Where have all the reactors gone?
The 18 applications to build 27 new reactors that were on file at the Nuclear Regulatory Commission in January 2009 (with five more applications for seven units expected by the end of 2010) were hailed by a compliant press to constitute “a nuclear renaissance.” The original 27 have dwindled to 20 now. All of the proposals are afflicted with some combination of cost overrun and delay. Most are being pursued at extremely cautious rates of expenditure. In no case has a builder made a firm decision to go forward.
This U.S. “nuclear renaissance” took form in the early years of the Bush Administration. In 2001, the so-called “Cheney Energy Plan” recommended that “the President support the expansion of nuclear energy in the United States as a major component of our national energy policy.” Early in 2002 the Department of Energy announced a program entitled “Nuclear Power 2010,” the goal of which was to have at least two new reactors completed by the end of 2010. Building on this start, the nuclear industry trade association in 2003 announced a target of 50,000 MW from 40-50 new nuclear units by 2020.
That same year, an MIT task force produced a report entitled “The Future of Nuclear Power,” which acknowledged that new reactors were uneconomic compared to coal and natural gas. The report estimated the cost of electricity from a new reactor at 6.7 cents per kWh in 2002 dollars, compared with 4.2 cents/kWh from pulverized coal, and a range (depending on natural gas prices) between 3.8 and 5.6 cents/kWh from gas-fired plants. The report did not evaluate energy efficiency, renewable energy, or ways to reduce greenhouse gas emissions outside of the electric sector.
The report also suggested four steps that could – if all were successful – reduce the cost of new nuclear to 4.2 cents/kWh, equal to new coal. No similar savings were postulated to occur as to coal or gas plants. Possible legislation increasing the cost of greenhouse gas emissions also favored new nuclear in relation to the alternatives reviewed by MIT, though was not applied to energy efficiency or forms of renewable energy.
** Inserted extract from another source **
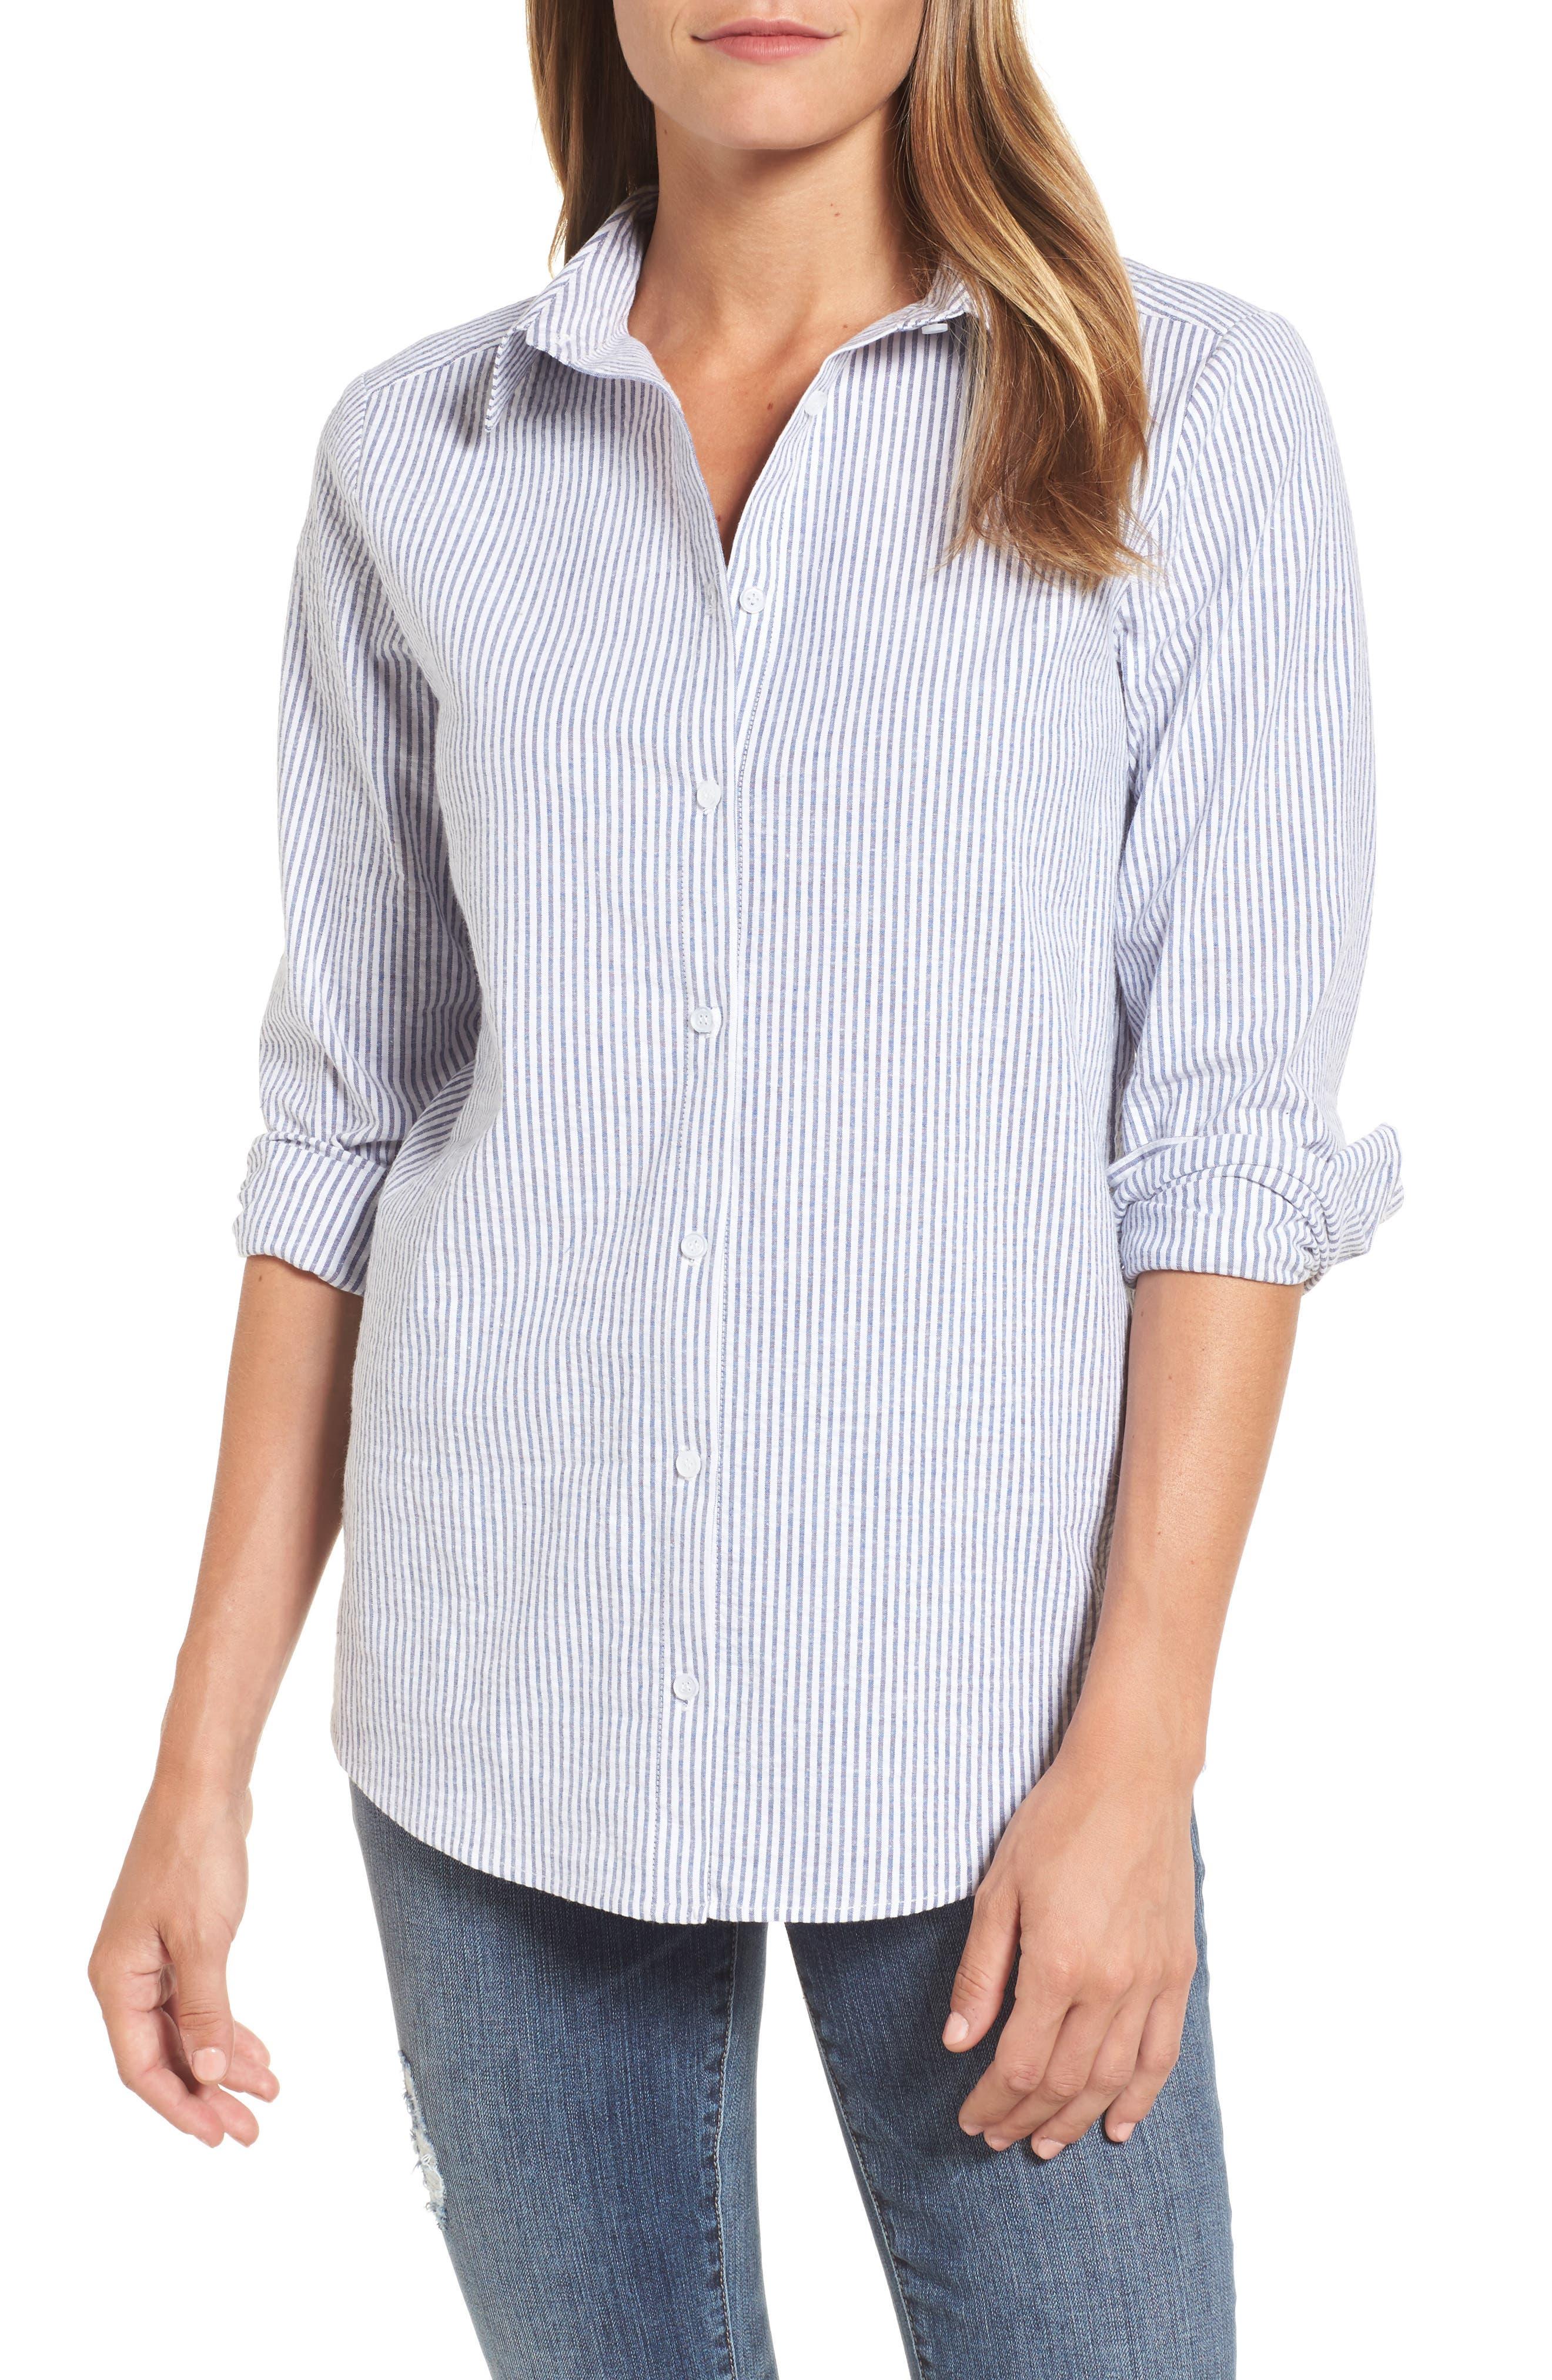 Caslon Button Front Shirt,                             Main thumbnail 1, color,                             Blue- White Seersucker
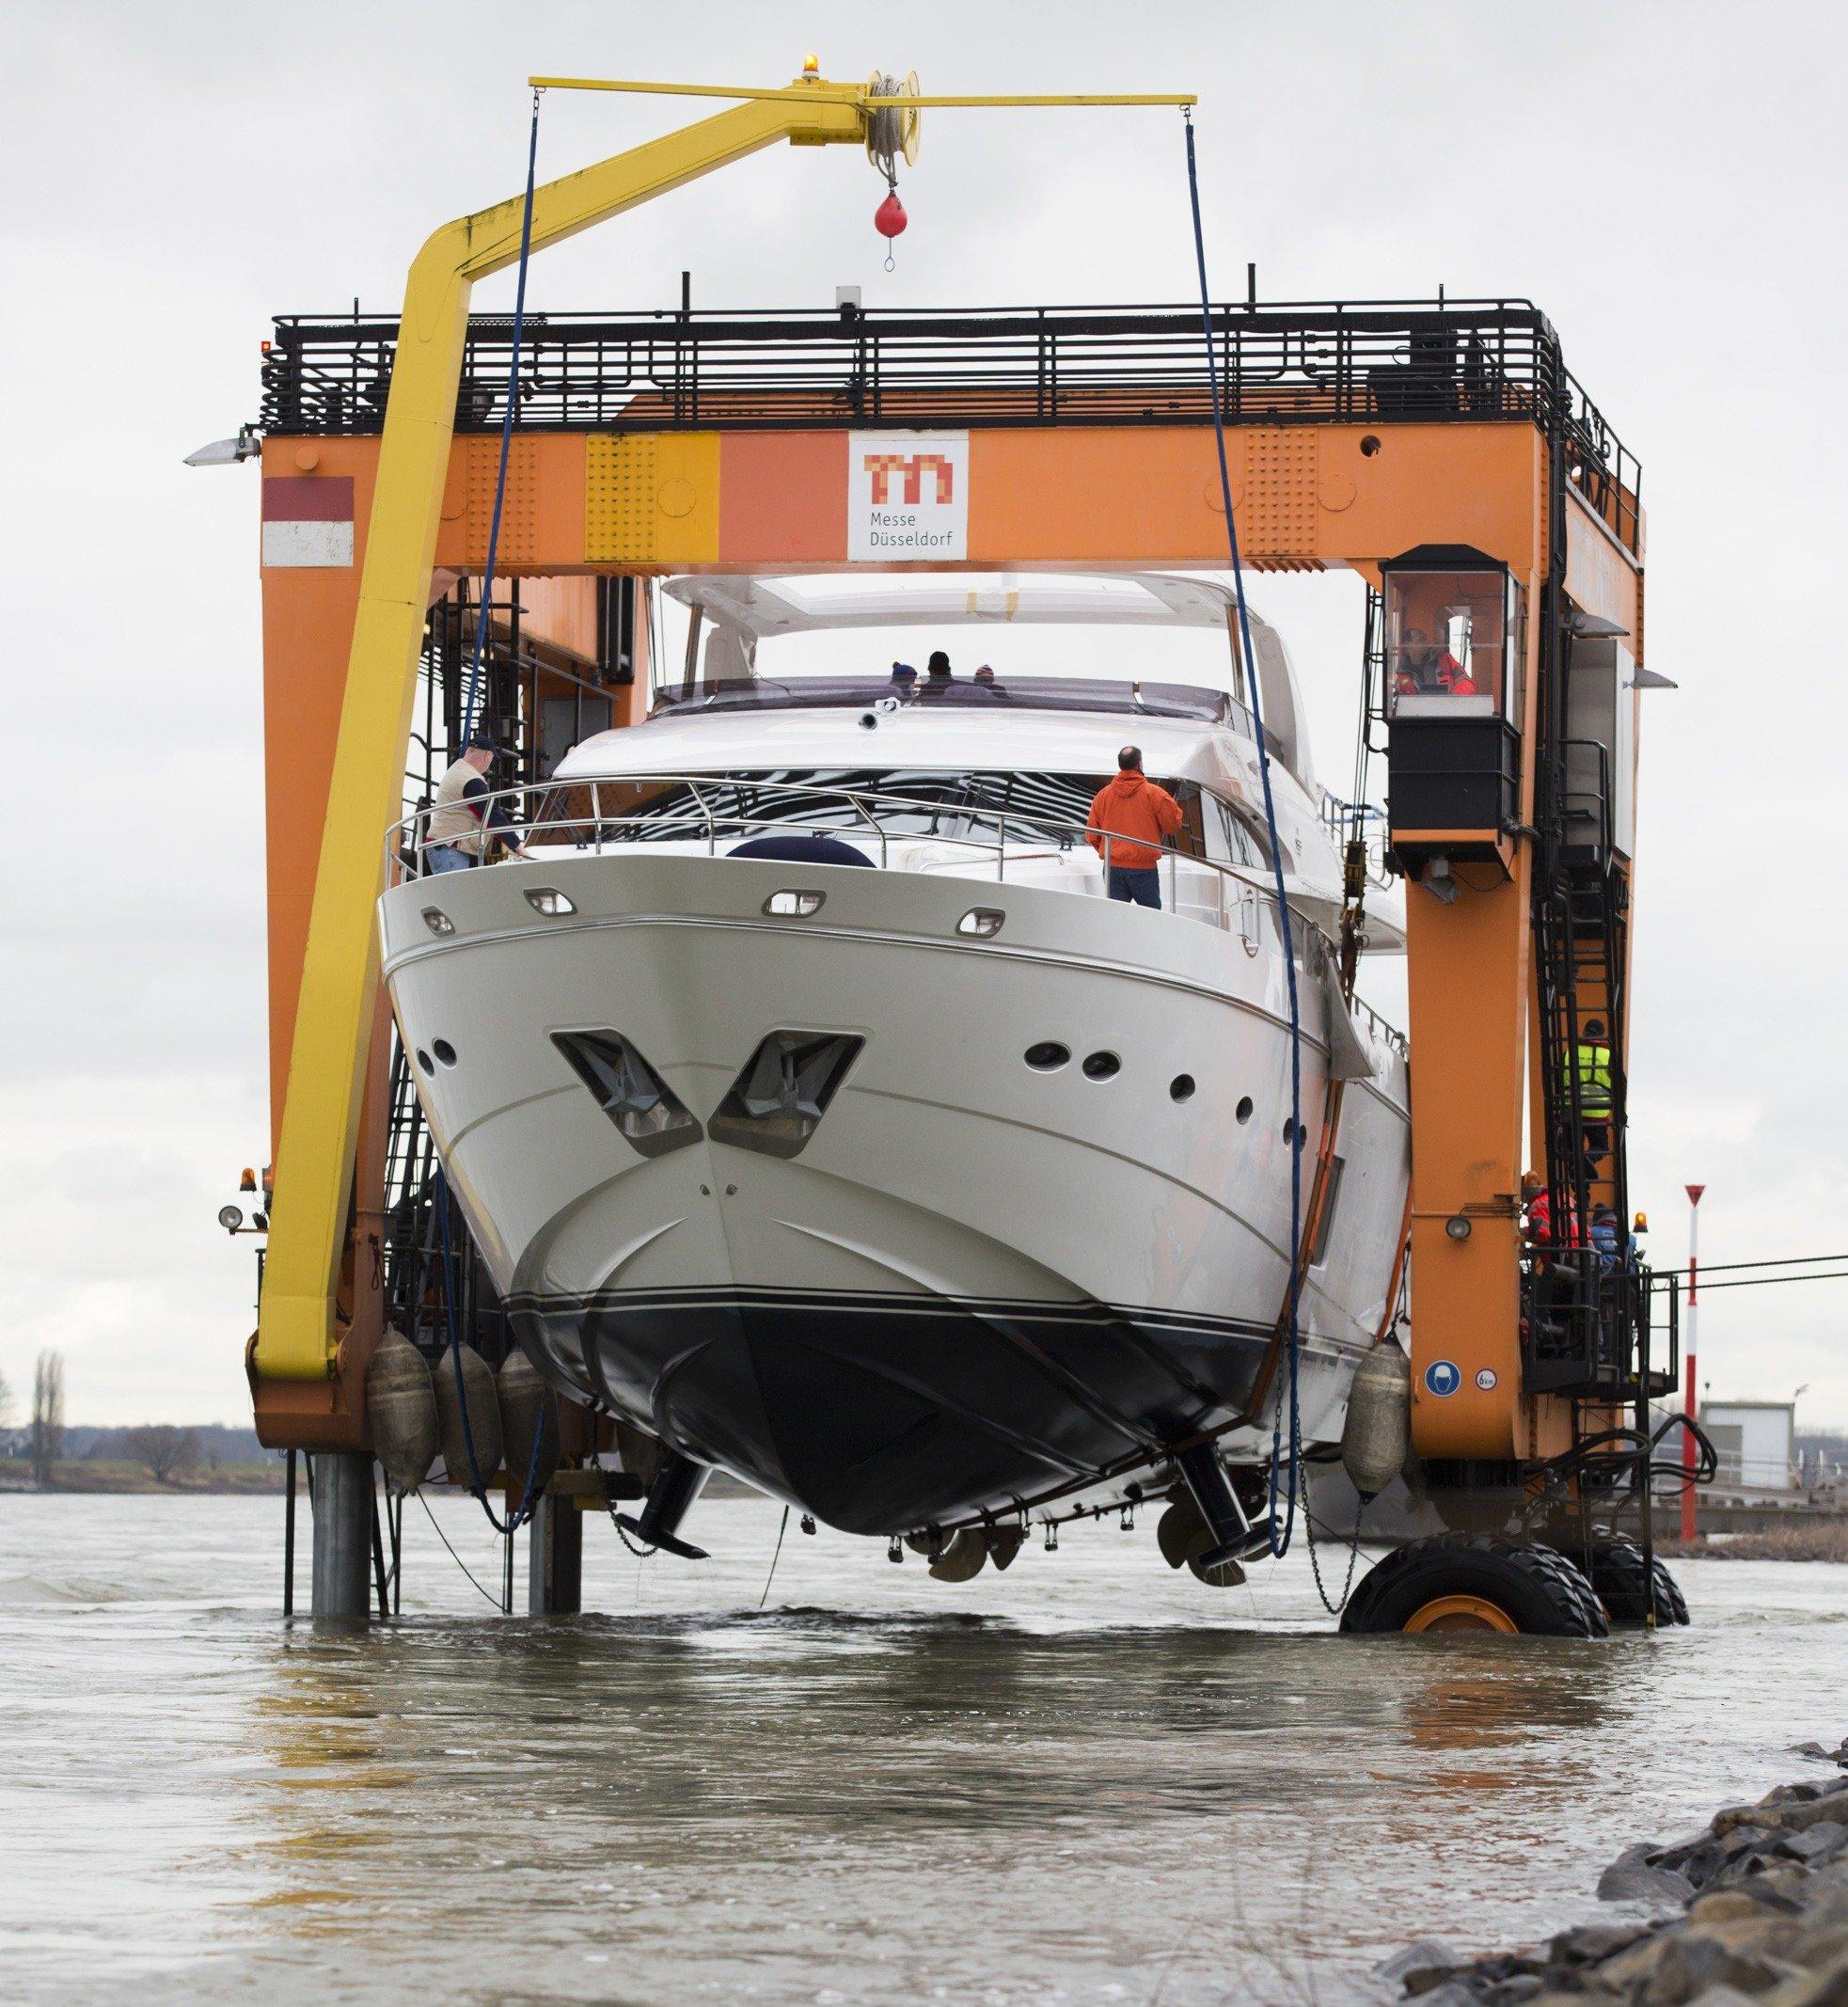 Der Schiffslift Big Willi hebt alle Boote aus dem Wasser, die über den Rhein nach Düsseldorf zur Boot schippern. Zunächst fixiert der Lift die Schiffe und rollt dann hoch an Land, um die Yachten dann auf Tieflader zu heben. Dabei ist Willi ein Kraftprotz. Auch das größte Schiff der Boot, die fast 100 Tonnen schwere Princess 98 MY war dem Schiffslift nicht zu schwer.

Other studies in the same time frame estimated the cost of new reactors to be lower than the MIT report. As Mark Cooper has shown, these 2001-03 estimates were significantly below the costs of the last reactors completed from the previous round of construction. They were also to prove to be much lower than the industry’s own estimates, once potential builders were required to testify in regulatory proceedings that would set the allowable amounts to be collected from customers.
In the years before the higher estimates came out, the low estimates became a key basis for congressional optimism in devising a package of incentives for new reactors. But while low cost and risk estimates might embolden Congress to support new nuclear, these same estimates would cause that prospective congressional support to be pegged too low to be much help. Ultimately Congress would have to double down or admit that the whole venture had been a mistake, an old dilemma that seems to have only one outcome.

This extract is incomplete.